EXERCISE OBJECTIVE: Could you repeat, word for word, every line from the one containing "EXIDE EA1000 VOLVO" through the final line of the records below, and nothing else?

MATERIAL SUPPLIED:
◇ ◇ ◇ ◇ ◇

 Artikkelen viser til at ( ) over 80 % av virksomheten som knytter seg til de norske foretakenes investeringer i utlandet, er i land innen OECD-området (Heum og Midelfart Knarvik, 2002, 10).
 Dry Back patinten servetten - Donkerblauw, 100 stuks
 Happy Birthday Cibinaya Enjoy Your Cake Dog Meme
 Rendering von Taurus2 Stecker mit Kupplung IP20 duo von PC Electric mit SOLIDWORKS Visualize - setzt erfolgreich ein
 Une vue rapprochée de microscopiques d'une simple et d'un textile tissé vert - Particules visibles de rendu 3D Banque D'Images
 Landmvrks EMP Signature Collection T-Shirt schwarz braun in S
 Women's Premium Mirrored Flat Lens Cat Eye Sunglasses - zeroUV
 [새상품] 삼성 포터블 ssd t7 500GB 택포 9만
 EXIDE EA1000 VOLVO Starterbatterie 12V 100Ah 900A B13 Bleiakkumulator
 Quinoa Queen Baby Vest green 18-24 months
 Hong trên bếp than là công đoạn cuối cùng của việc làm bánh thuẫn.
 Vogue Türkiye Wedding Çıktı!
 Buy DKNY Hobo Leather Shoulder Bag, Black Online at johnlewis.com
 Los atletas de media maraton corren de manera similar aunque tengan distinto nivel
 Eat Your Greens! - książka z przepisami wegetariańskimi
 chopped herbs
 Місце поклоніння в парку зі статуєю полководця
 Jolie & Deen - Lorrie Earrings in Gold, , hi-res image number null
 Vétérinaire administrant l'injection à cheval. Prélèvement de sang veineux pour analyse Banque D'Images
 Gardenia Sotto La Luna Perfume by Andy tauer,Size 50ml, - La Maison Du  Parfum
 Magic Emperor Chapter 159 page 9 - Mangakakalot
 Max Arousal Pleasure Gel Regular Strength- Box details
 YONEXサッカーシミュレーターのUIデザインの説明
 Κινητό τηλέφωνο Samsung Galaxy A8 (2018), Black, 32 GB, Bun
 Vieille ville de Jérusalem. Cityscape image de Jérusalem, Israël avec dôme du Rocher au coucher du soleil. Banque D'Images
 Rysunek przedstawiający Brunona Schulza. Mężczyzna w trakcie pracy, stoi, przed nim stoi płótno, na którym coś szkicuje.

◇ ◇ ◇ ◇ ◇

ANSWER BELOW:
 EXIDE EA1000 VOLVO Starterbatterie 12V 100Ah 900A B13 Bleiakkumulator
 Quinoa Queen Baby Vest green 18-24 months
 Hong trên bếp than là công đoạn cuối cùng của việc làm bánh thuẫn.
 Vogue Türkiye Wedding Çıktı!
 Buy DKNY Hobo Leather Shoulder Bag, Black Online at johnlewis.com
 Los atletas de media maraton corren de manera similar aunque tengan distinto nivel
 Eat Your Greens! - książka z przepisami wegetariańskimi
 chopped herbs
 Місце поклоніння в парку зі статуєю полководця
 Jolie & Deen - Lorrie Earrings in Gold, , hi-res image number null
 Vétérinaire administrant l'injection à cheval. Prélèvement de sang veineux pour analyse Banque D'Images
 Gardenia Sotto La Luna Perfume by Andy tauer,Size 50ml, - La Maison Du  Parfum
 Magic Emperor Chapter 159 page 9 - Mangakakalot
 Max Arousal Pleasure Gel Regular Strength- Box details
 YONEXサッカーシミュレーターのUIデザインの説明
 Κινητό τηλέφωνο Samsung Galaxy A8 (2018), Black, 32 GB, Bun
 Vieille ville de Jérusalem. Cityscape image de Jérusalem, Israël avec dôme du Rocher au coucher du soleil. Banque D'Images
 Rysunek przedstawiający Brunona Schulza. Mężczyzna w trakcie pracy, stoi, przed nim stoi płótno, na którym coś szkicuje.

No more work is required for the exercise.